Light streams on a racetrack

How to set success metrics for facility digitalization AI projects

Even though everyone generally agrees that integrating machine learning systems into your organization should bring about massive efficiency gains, it’s stressful if you’re the first one trying to do it. How do you know if you’re choosing the right solution? How can you prove to your bosses that it was the right move?

The first metric that comes to mind is accuracy. Ceteris paribus—all other things being equal—if the machine is more accurate than a human doing the same task, it’s a no brainer. Of course, reality is never that simple. How exactly are you defining accuracy? Most folks mean “precision” when they talk about accuracy, but depending on the task at hand, it’s not always the best measure.

Accuracy metrics: Precision, recall, & harmonic mean

Precision and recall are measures of relevance. Let’s break down how we might use them if we want to build an asset hierarchy using AI. Assuming we’ve got a jumbled corpus of all kinds of engineering drawings for a particular FPSO, one of the first steps we’d take is to search for P&IDs because they contain most of the information we’re looking for. Now, these P&IDs are scanned documents (i.e., images), so we won’t be able to do a simple text search of “piping and instrumentation diagram”. Instead, we’ll use an image classification model to separate the P&IDs from the rest.

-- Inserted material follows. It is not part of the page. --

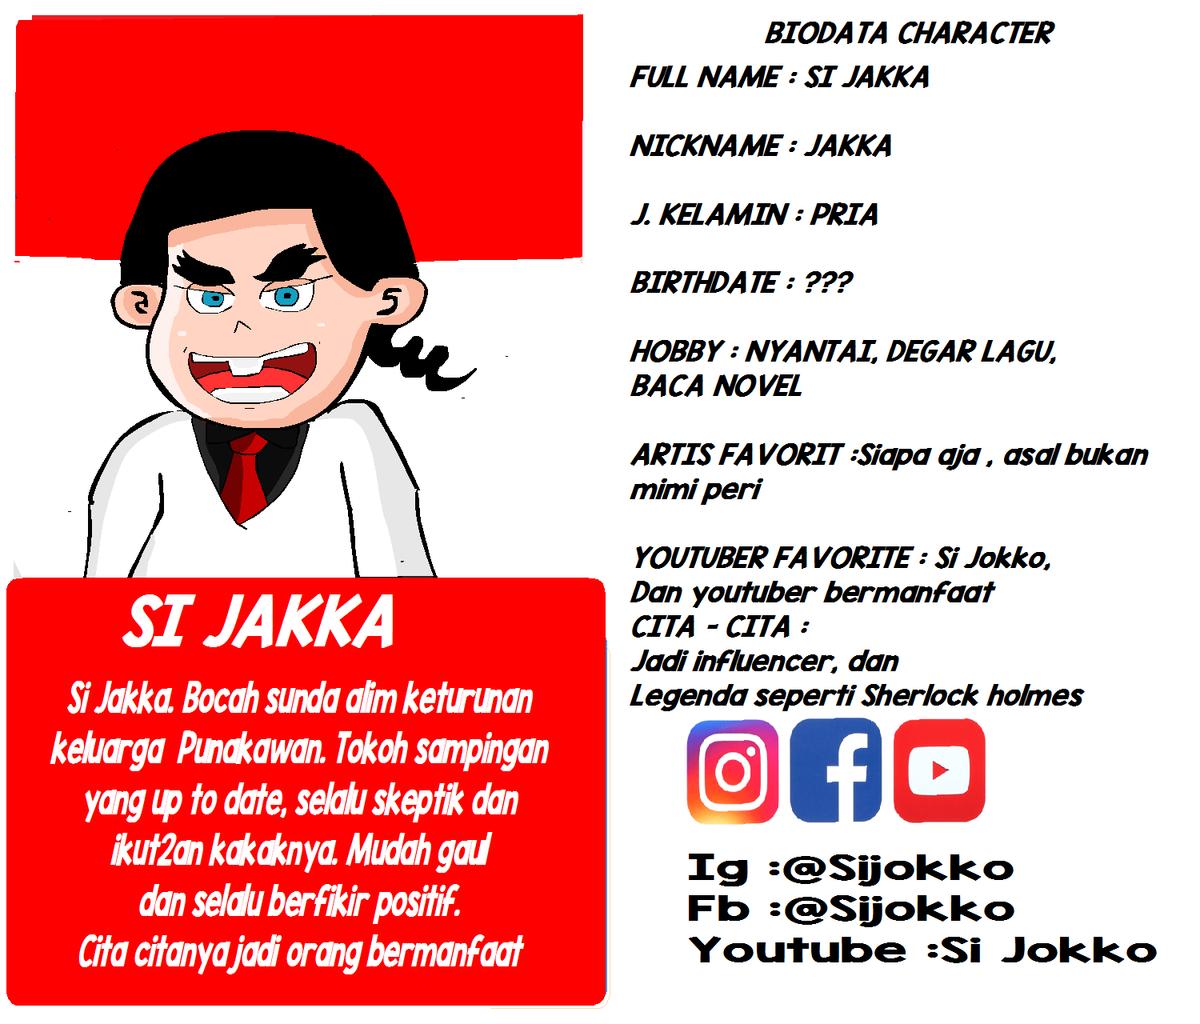 Ingat Komik Petruk & Gareng? Inilah Tokoh Komik Penerus Punakawan di Jaman now!

Precision, the metric you’re probably most familiar with, is a fraction of how many documents the model says are P&IDs actually are P&IDs (known as true positives).

Recall, an alternate metric, takes false negatives into account. These would be any real P&IDs in the corpus that the model failed to identify.

For you visual learners, here’s a nice graphic that distinguishes the two:

Let’s say the model classified 30 documents as P&IDs, but only 20 actually were P&IDs. Precision would be ⅔, or 66%. However, it failed to identify another 40 real P&IDs in the corpus, recall would only be ⅓, or 33%.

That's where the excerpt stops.